* STORED DATA *

● ● ●

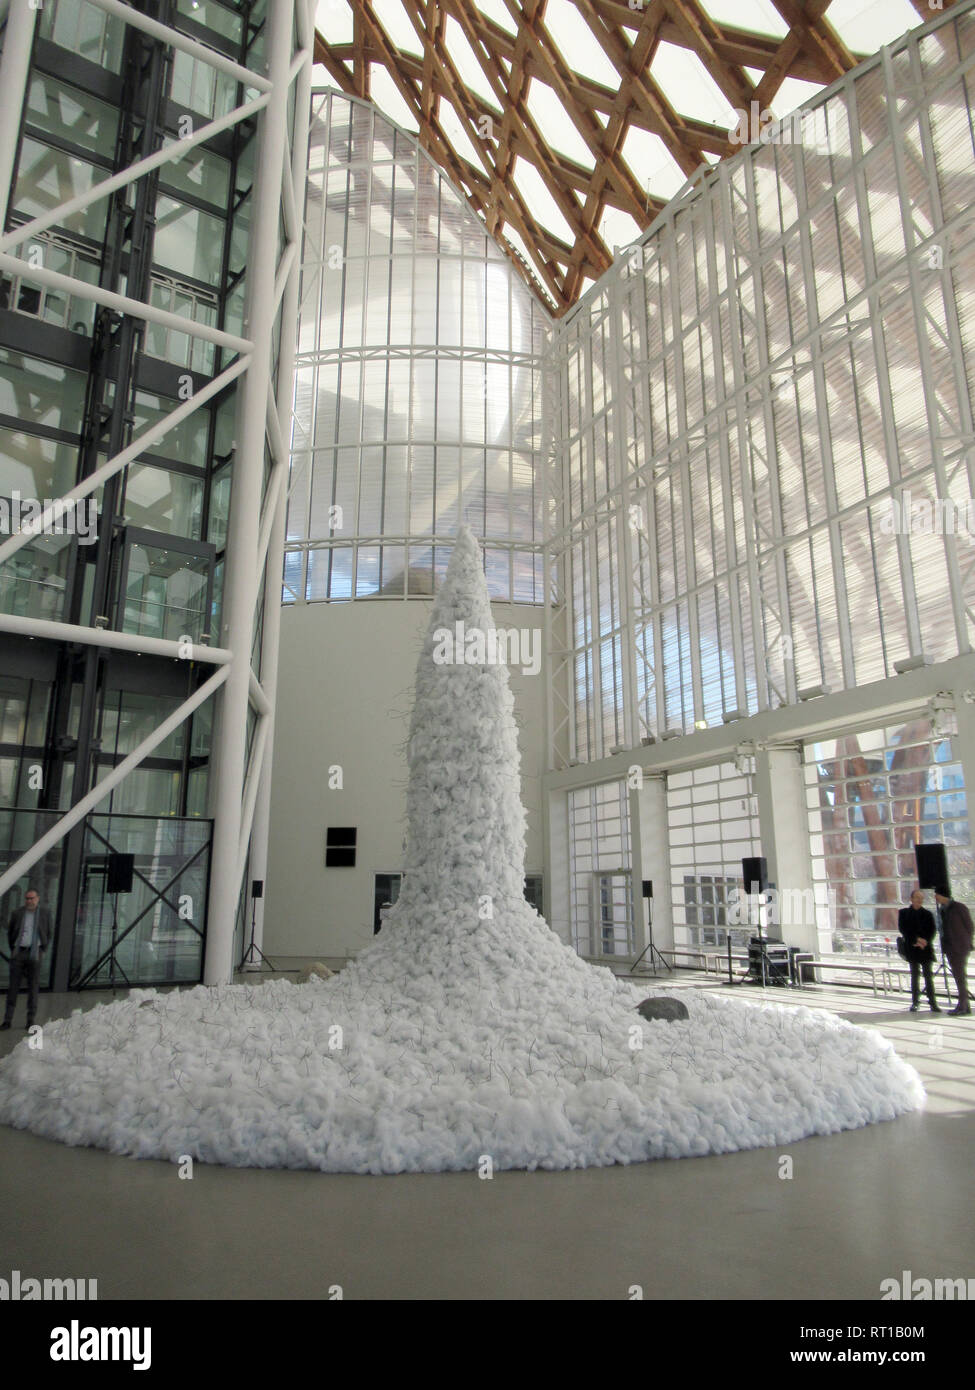 26 February 2019, France (France), Metz: The installation 'Relatum - Cotton Tower' by Lee Ufan in the exhibition 'Habiter le temps' at the Centre Pompidou. Ufan, who studied philosophy in Japan after completing his art degree, uses his art to seek a new arrangement of already existing things by relating them to the surrounding space. (to dpa 'Metz dedicates star artist Lee Ufan retrospective: The art of silence' from 27.02.2019) Photo: Sabine Glaubitz/dpa Stock Photo
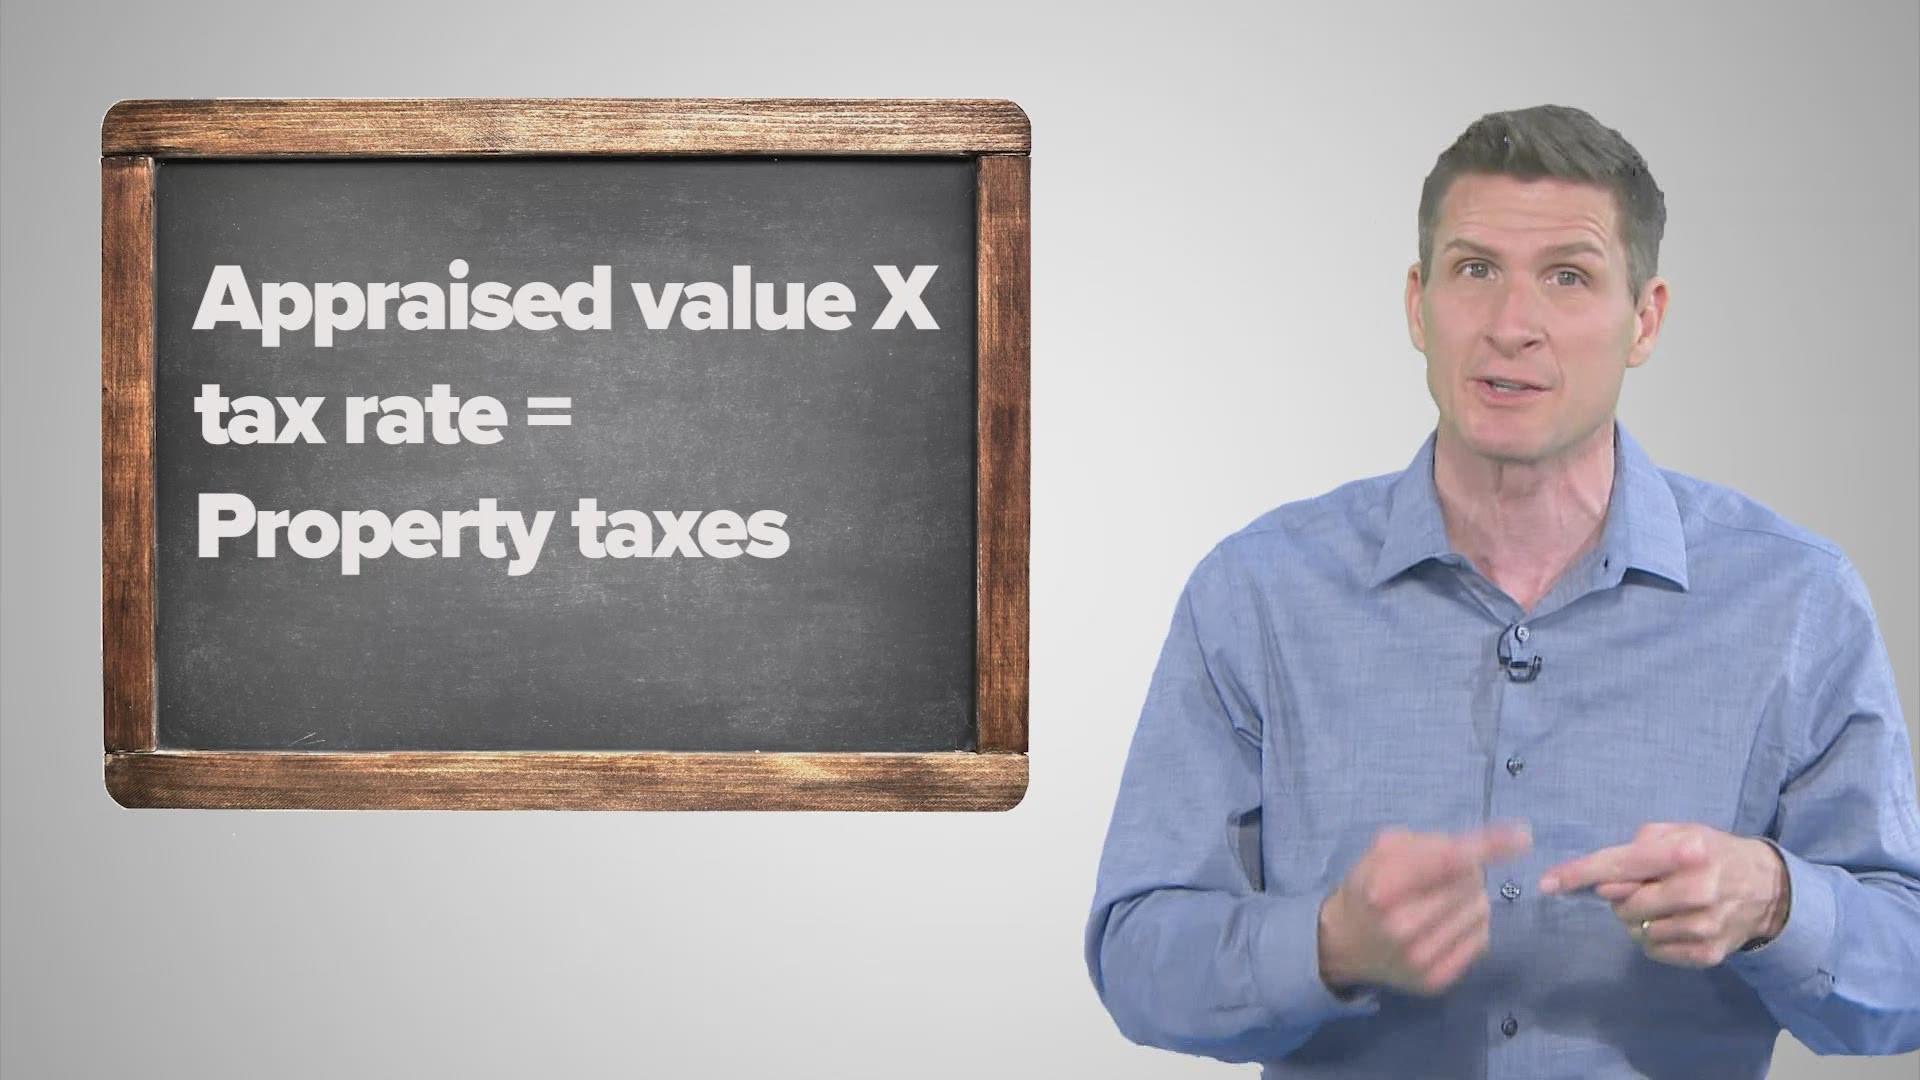 We sat down with a professional protestor, who shared some insight about how to fight the valuation that will be used to determine your property tax bill.
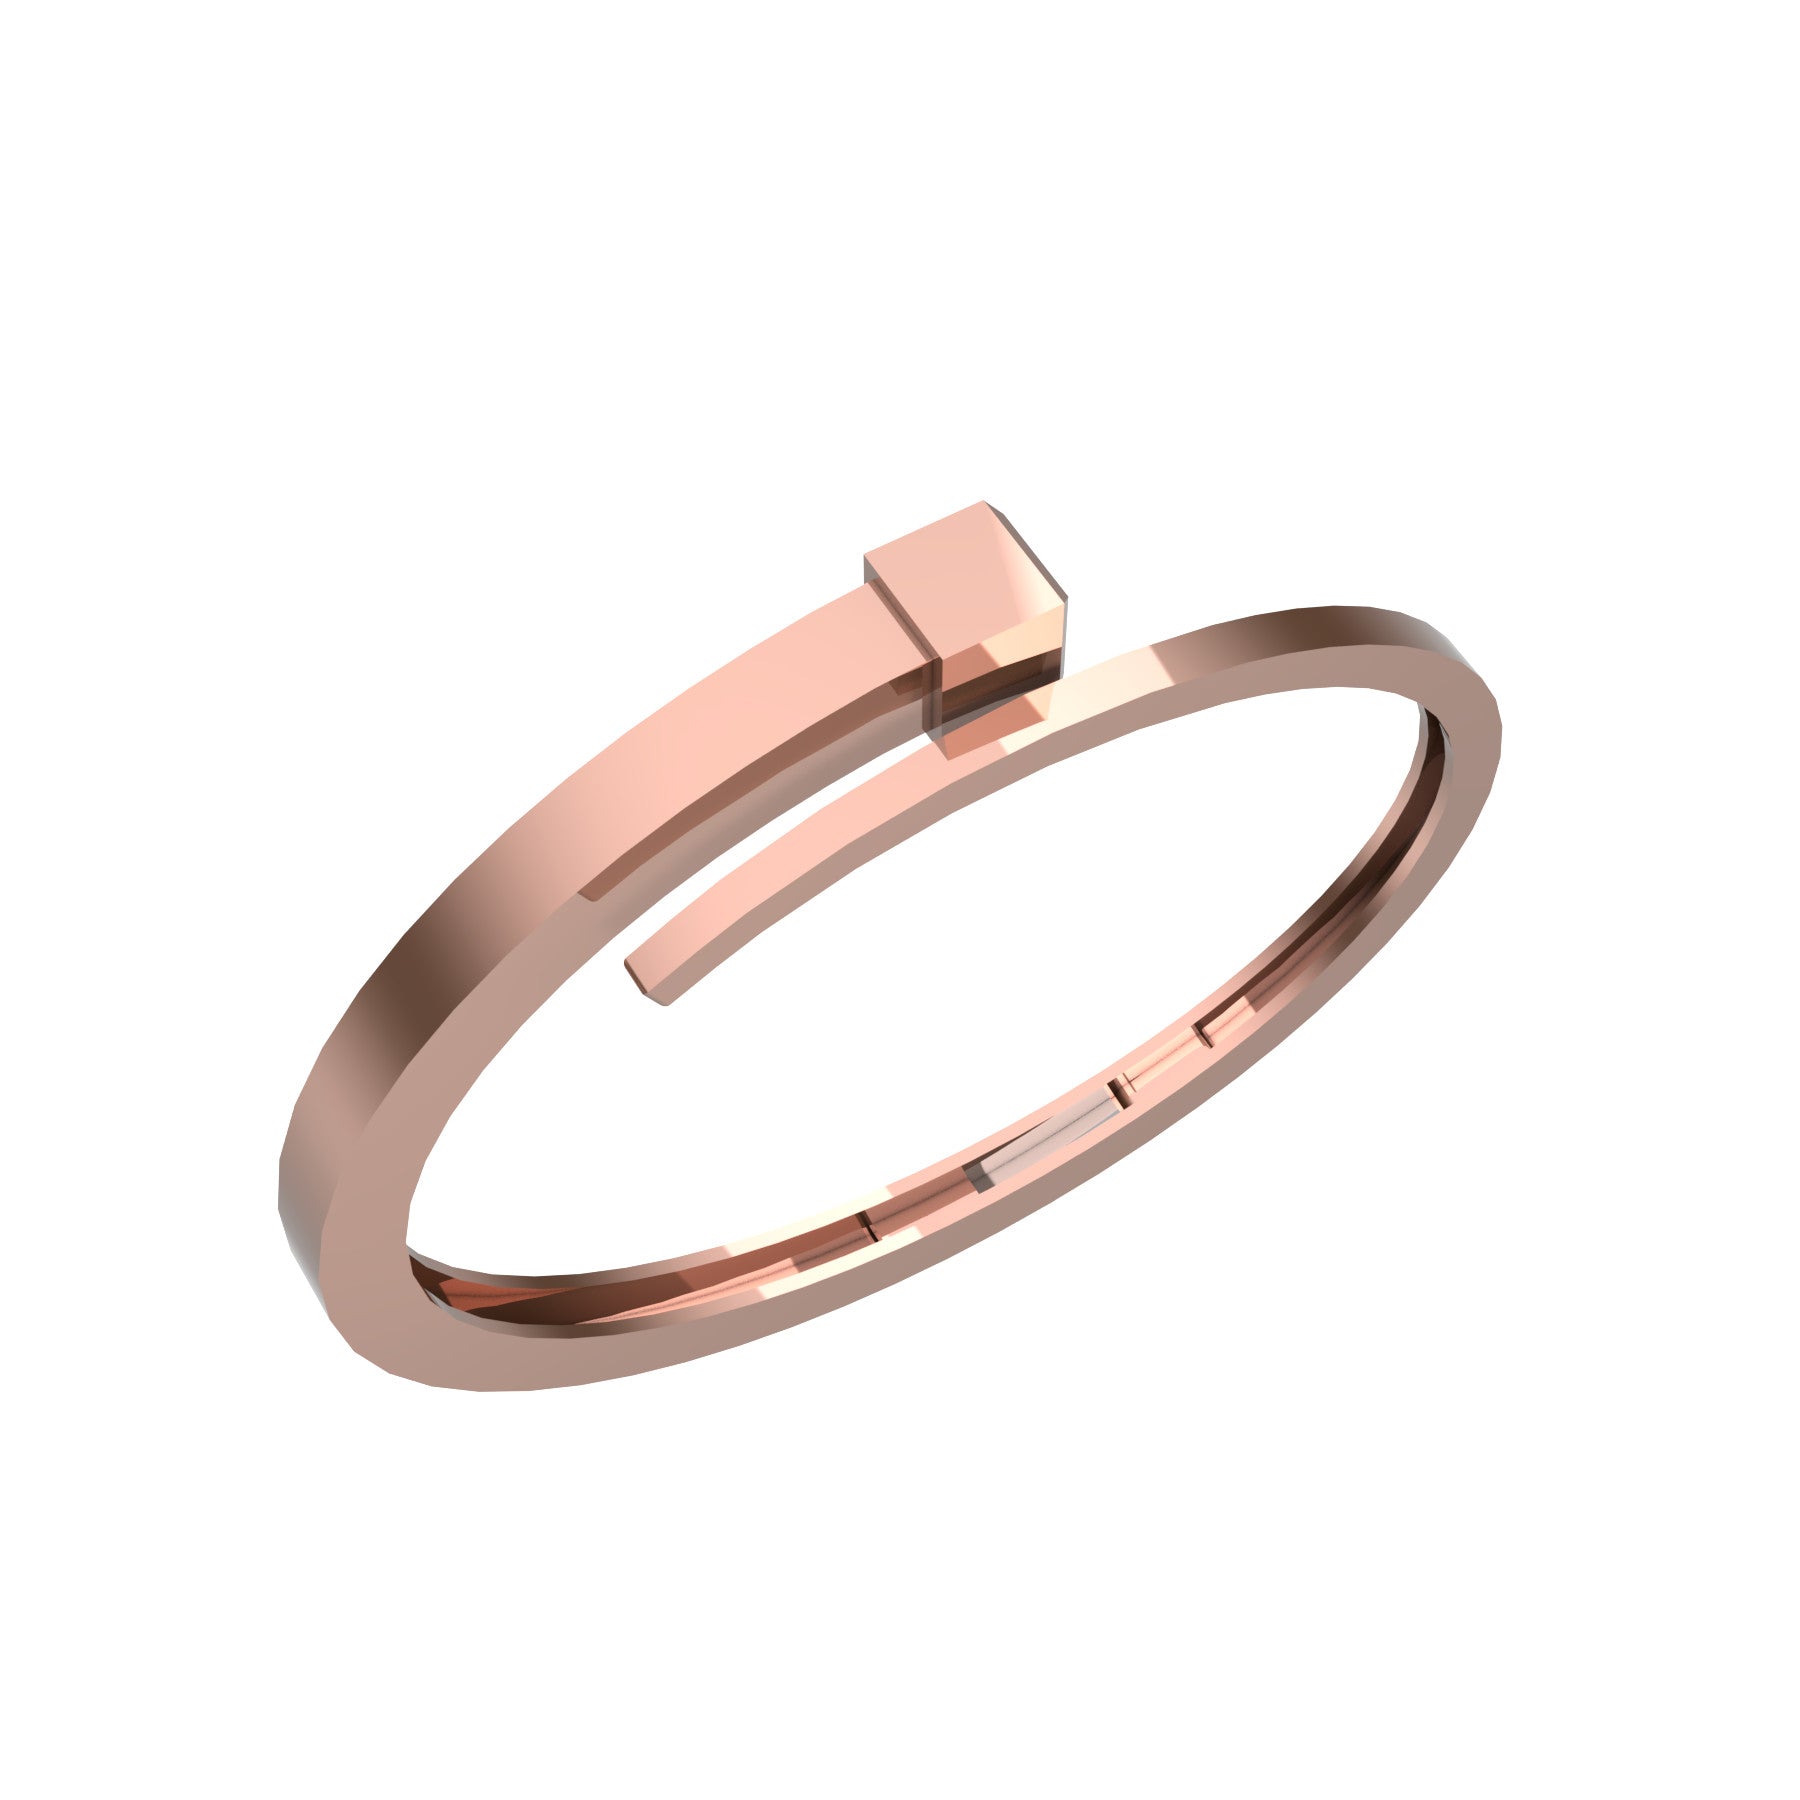 lucky nail bracelet, 18 K pink gold, weight about 32,8 to 49,4 g (1.16 to 1.74 oz), width 8 mm max

● ● ●

* TASK *
Beginning with the line that holds "We sat down", extract every line to the end of the material, exactly as it stands, and drop the pictures.

* YOUR RESPONSE *
 We sat down with a professional protestor, who shared some insight about how to fight the valuation that will be used to determine your property tax bill.
 lucky nail bracelet, 18 K pink gold, weight about 32,8 to 49,4 g (1.16 to 1.74 oz), width 8 mm max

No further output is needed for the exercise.